Le 1700 La Poste n’est ni un musée ni une galerie, mais un lieu d’exposition libre, ouvert au public et dédié à des peintres, sculpteurs et graveurs québécois. Rencontre avec la visionnaire du projet : Isabelle de Mévius.

« J’ai appris le marché québécois »

Le 1700 La Poste, lieu privé consacré aux arts visuels et à ses enjeux discursifs, a gagné son pari : celui de l’émergence de l’art contemporain québécois.

Inaugurée en 2013, après presque 4 ans de travaux, cette ancienne poste transformée en vitrine sur l’art est le dernier projet d’Isabelle de Mévius, une descendante de la noblesse wallonne et membre d’une des trois familles les plus fortunées de Belgique, passionnée d’art et de psychanalyse.

Mais qu’est-ce qui pousse une riche héritière à ouvrir une galerie dans le Quartier de l’innovation de Montréal? Madame de Mévius confie qu’elle venait au Québec « de façon sporadique depuis 1992 pour assister à des séminaires de psychanalyse ». En 2002, elle décide de faire le saut et de s’établir à Montréal en y achetant une maison. « Quand je me suis installée, j’ai été confrontée à tout un milieu intellectuel de psychanalystes, de philosophes et d’artistes. », explique-t-elle. De ce cercle, elle rencontrera le premier artiste québécois qu’elle publiera: Michel Casavant. Elle aime son travail, mais remarque qu’il est peu ou pas représenté. « Pour lancer sa carrière, j’ai pensé faire un livre et inviter des écrivains, mais aussi des psychanalystes pour parler de son travail. C’était mon premier livre. Je n’avais jamais fait de livre avant. C’est ainsi que j’ai commencé à m’occuper de la cause des artistes au Québec. »
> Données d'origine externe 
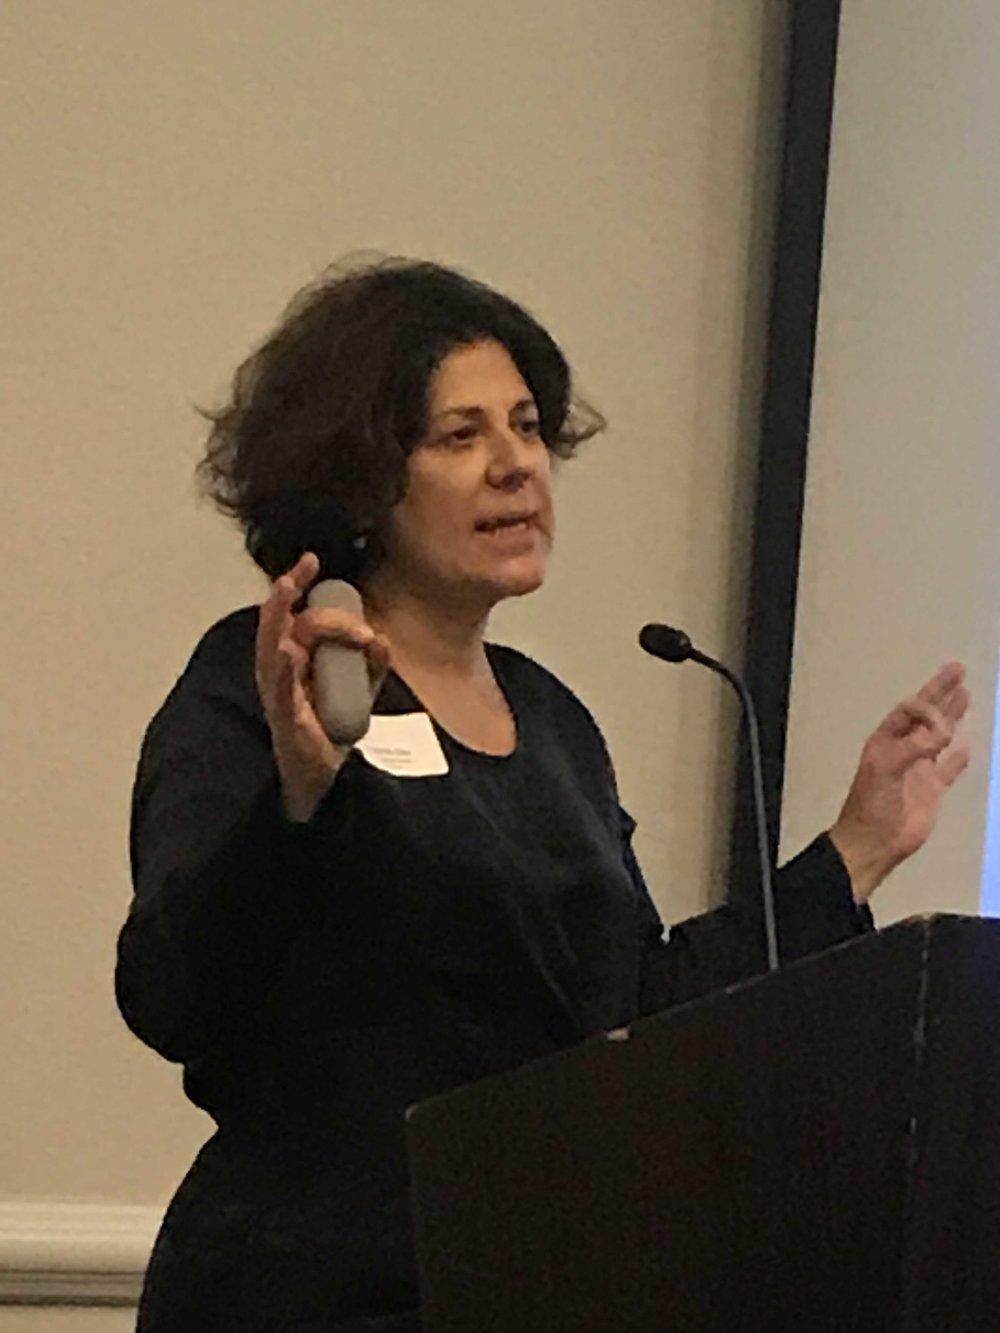 Dr. Roberta Cilio - MD, PhD Univ. of Louvain

Le livre est si réussi, que les amis de M. Casavant sollicitent rapidement Isabelle de Mévius pour réitérer l’expérience avec leur propre travail. « Finalement, je me suis dit qu’il fallait les exposer. J’ai cherché dans tout Montréal un lieu pour ce projet. » Le local qui la séduit, Mme de Mévius le connait bien puisqu’il appartient à un antiquaire chez qui elle venait chercher meubles et objets pour sa maison. « J’étais donc habituée au quartier. », se souvient-elle.

Une nouvelle approche

Le 1700 La Poste accueille deux grosses expositions par an qui gardent l’affiche pendant 3 mois. Elles sont pensées et assemblées le plus justement possible. À chaque fois, ce sont six personnes qui travaillent ensemble pour réfléchir et bâtir l’exposition; parmi elles, on compte deux architectes, un graphiste ainsi que l’artiste du moment.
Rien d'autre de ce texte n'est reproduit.